En tous les cas, la grave crise que cette visite a déclenchée place tous ceux qui pensent que la démocratie reste le moins mauvais des systèmes politiques devant un dilemme quasi insoluble. C’est en l’occurrence un véritable casse-tête chinois ! Comment en effet défendre efficacement la petite démocratie de Taïwan face au géant totalitaire et impérialiste qu’est la Chine alors que la légitimité du droit international est du côté de Pékin ? Peut-être en insistant, comme nous l’allons faire dans ce papier, sur le fait que celle qui découle de l’histoire est en revanche beaucoup plus discutable, contrairement à ce que qu’affirme avec aplomb sa propagande officielle ? Quoi qu’il en soit, cela pose la question très difficile du droit des peuples à l’autodétermination, au risque d’ouvrir la boîte de Pandore de la stabilité des États-nations et du système international.
En cette période de déclin démocratique généralisé, Taïwan constitue une brillante exception à la règle qui mérite d’être saluée. Depuis le début de la démocratisation du pays, vers la fin des années 80, il s’est en effet progressivement imposé comme le plus démocratique de toute l’Asie et même du monde non-occidental. D’après le classement annuel en la matière établi par l’EIU, il a intégré en 2020 le groupe très restreint de la vingtaine de démocraties complètes (full democracies) que compte la planète et s’est classé au 8e rang mondial en 2021, avec un score de 8,99 (sur un maximum de 10). Cela place Taïwan juste derrière les champions habituels que sont les cinq pays scandinaves du nord de l’Europe, la Nouvelle-Zélande et l’Irlande, juste devant l’Australie et la Suisse, 9e ex-aequo avec un score de 8,90. La petite île extrême-orientale ressort aussi nettement devant la Corée du Sud et le Japon, les deux seuls autres pays d’Asie à figurer dans ce groupe, classés quasiment ex-aequo au 16e et 17e rang mondial avec un indice démocratique de respectivement 8,16 et 8,15. Le classement de Freedom House est concordant, considérant Taïwan comme un pays entièrement libre (free) avec un score de 94 en 2021, juste après le Japon qui obtient 96 mais loin devant la Corée du Sud qui se voit attribuer seulement 83 (sur un maximum de 100).

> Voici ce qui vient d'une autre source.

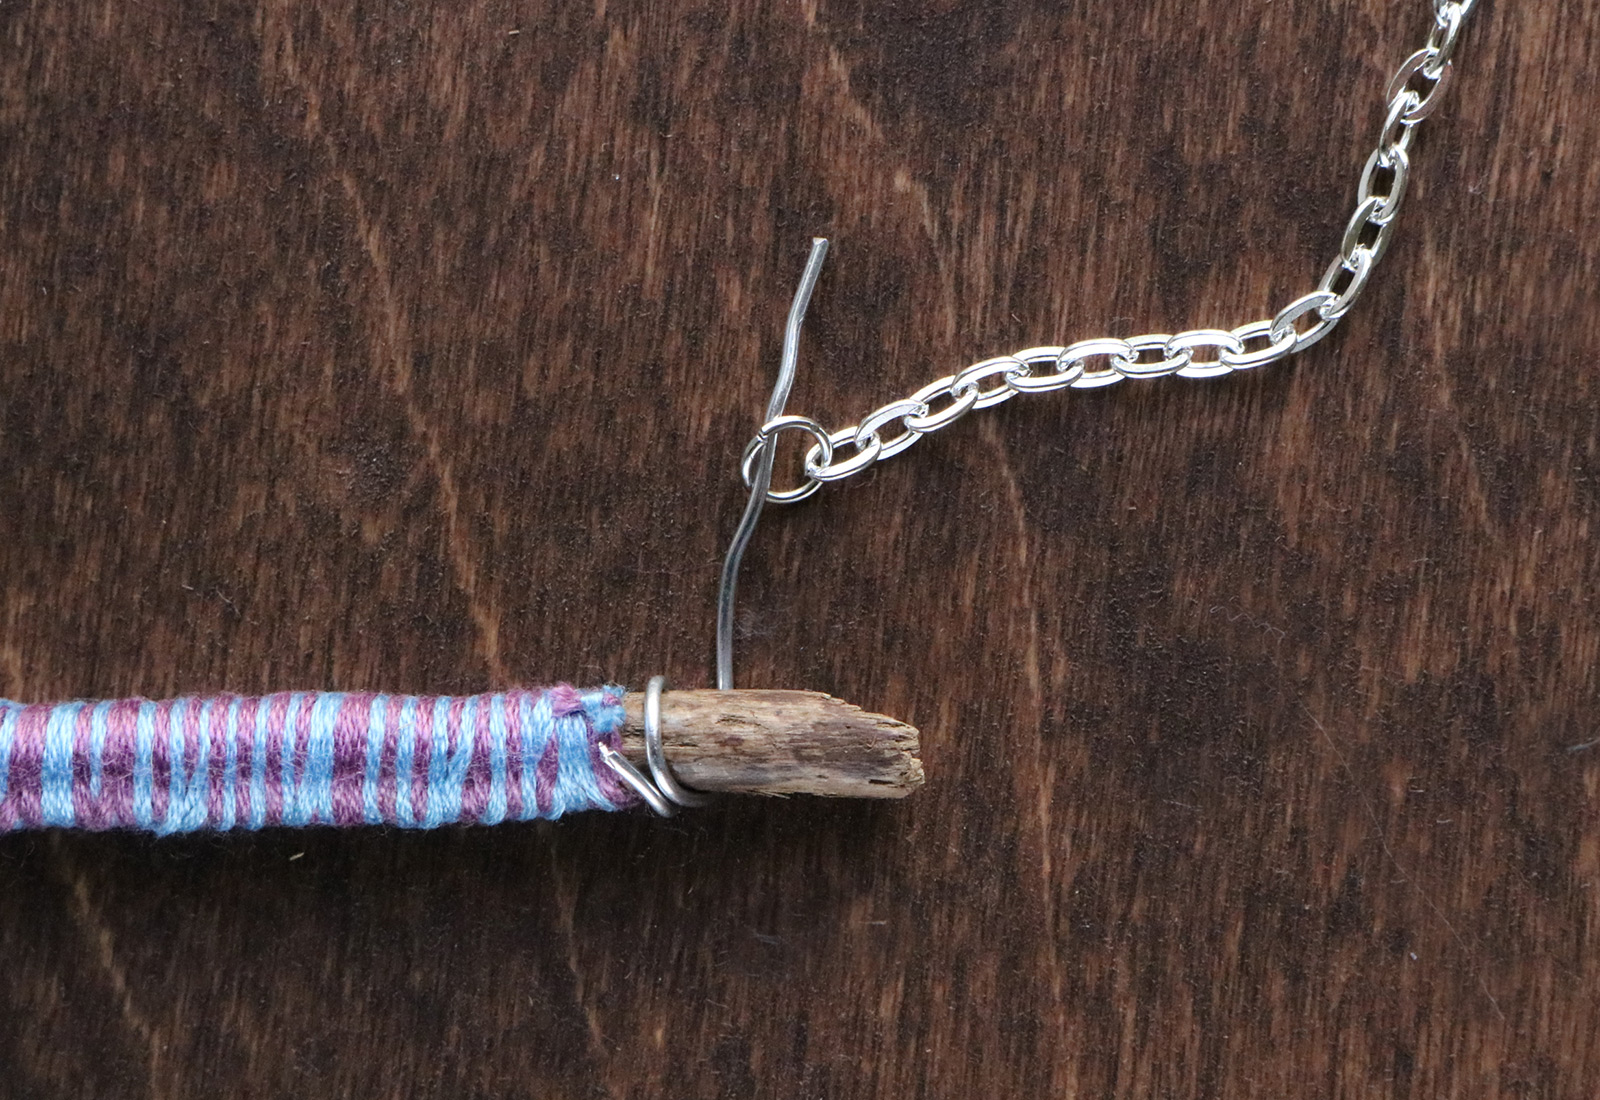 Twig Monogram Necklace DIY

Une telle performance est d’autant plus remarquable que la démocratie taïwainaise vient de fort loin ! Après sa défaite en 1949 face au parti communiste de Mao Zedong, le général Tchang KaÏ-chek qui préside la République de Chine (RoC) et dirige le parti nationaliste du Kuomintang s’est en effet repliée avec ses troupes et environ 1,5 million de ses partisans sur l’île de Taïwan. Le début de la guerre froide avec le conflit en Corée et la protection bientôt étendue à Taïwan par les États-Unis vont empêcher la République de Chine populaire (RPC) de parachever par la conquête de l’île sa mainmise sur l’ensemble du territoire national qu’elle estime être sien. Sur cette dernière la population va alors se voir imposer une sévère dictature militaire, une loi martiale d’airain et un régime de parti unique, le Kuomintang, qui dureront près de 40 ans, survivront à la mort de Tchang Kaï-chek en 1975 et (traditionnelle succession dynastique orientale oblige !) perdureront sous l’égide de son fils Tchang Ching-kuo, pratiquement jusqu’à son propre décès en 1988.

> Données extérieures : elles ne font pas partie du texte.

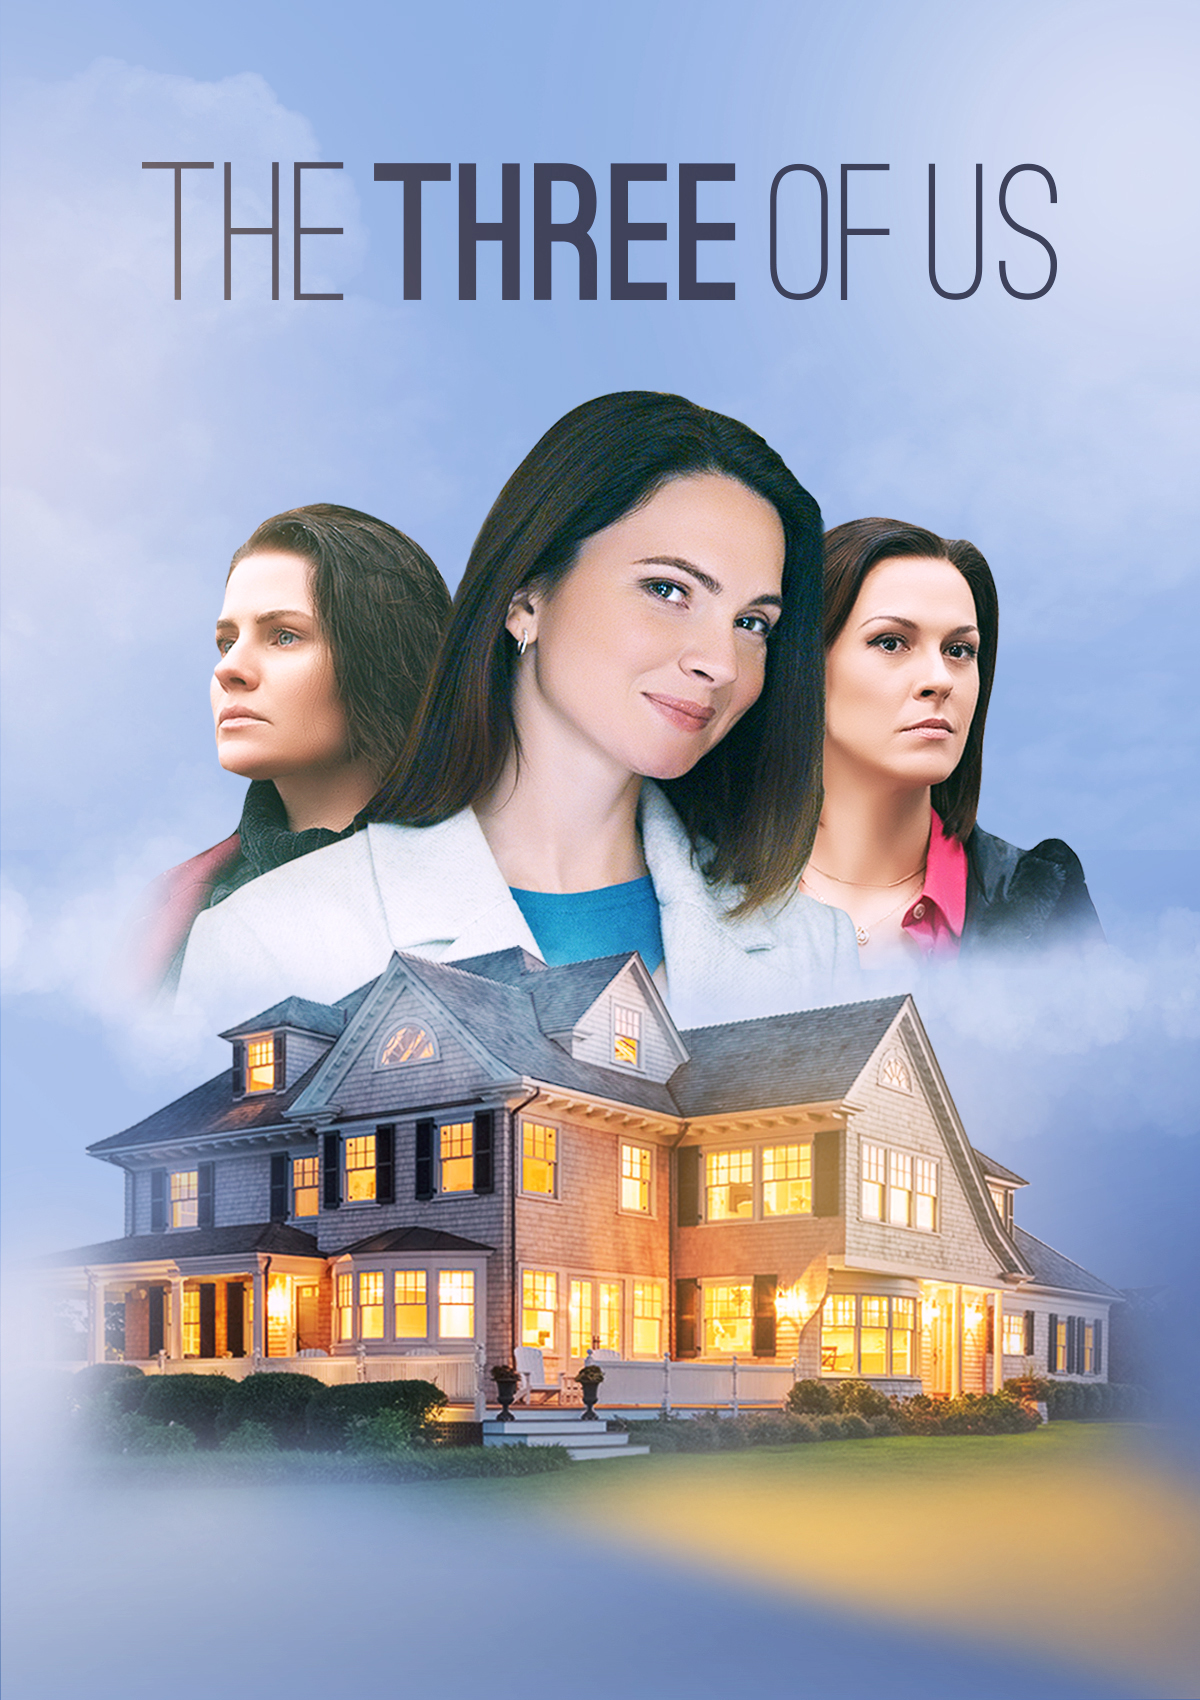 Три сестры (2020) постер

Dans l’intervalle, le développement économique de l’île a été spectaculaire, faisant de Taïwan l’un des quatre « petits dragons » du fameux « miracle de l’Asie Orientale », avec la Corée du Sud, Hong Kong et Singapour. Cela a entraîné des changements sociaux profonds, une hausse rapide du niveau d’éducation général et l’émergence d’une classe moyenne entrepreneuriale qui supporte de plus en plus mal la dictature et demande un changement politique. Il sera ainsi mis fin dès 1986 au régime de parti unique dont bénéficiait le vieux Kuomintang, représentant surtout les intérêts des nationalistes venus de Chine continentale, avec la création la même année du Minjindang ou PDP (Parti démocratique progressiste), qui porte plutôt les aspirations de la population locale originaire ou native de Taïwan et va devenir son principal rival dans un système multipartiste.
En 1987, la loi martiale sera enfin levée et en 1988, à la mort de l’héritier de la « dynastie » des Tchang, le parlement, toujours dominé par le Kuomintang, élira à la présidence Lee Teng-hui, vice-président en fonction et membre dirigeant du parti nationaliste mais premier leader du pays à être né à Taïwan, qui va rester en fonction jusqu’en 2000 et se révéler comme l’artisan de la transition démocratique. En 1992 auront lieu les premières élections législatives libres du pays et le suffrage universel direct pour les présidentielles sera établi en 1998. Il verra la victoire du Minjindang avec l’élection en 2000 du juriste né à Taïwan Chen Shui-bian, mettant ainsi fin à un demi-siècle de domination absolue du Kuomintang, le président sortant étant même réélu en 2004 dans une ambiance politique encore instable et conflictuelle. Mais depuis lors, la démocratie s’est approfondie et s’est fermement établie à Taïwan, avec un jeu d’alternance classique au pouvoir des deux grands partis dominant la vie politique. Le Kuomintang gagnera les élections de 2008 et réoccupera le pouvoir jusqu’en 2016 sous la présidence de Ma Ying-jeou puis le Minjindang lui succédera alors avec la victoire de l’actuelle présidente Tsai Ing-wen qui a été réélue en 2020 et restera en fonction jusqu’en 2024.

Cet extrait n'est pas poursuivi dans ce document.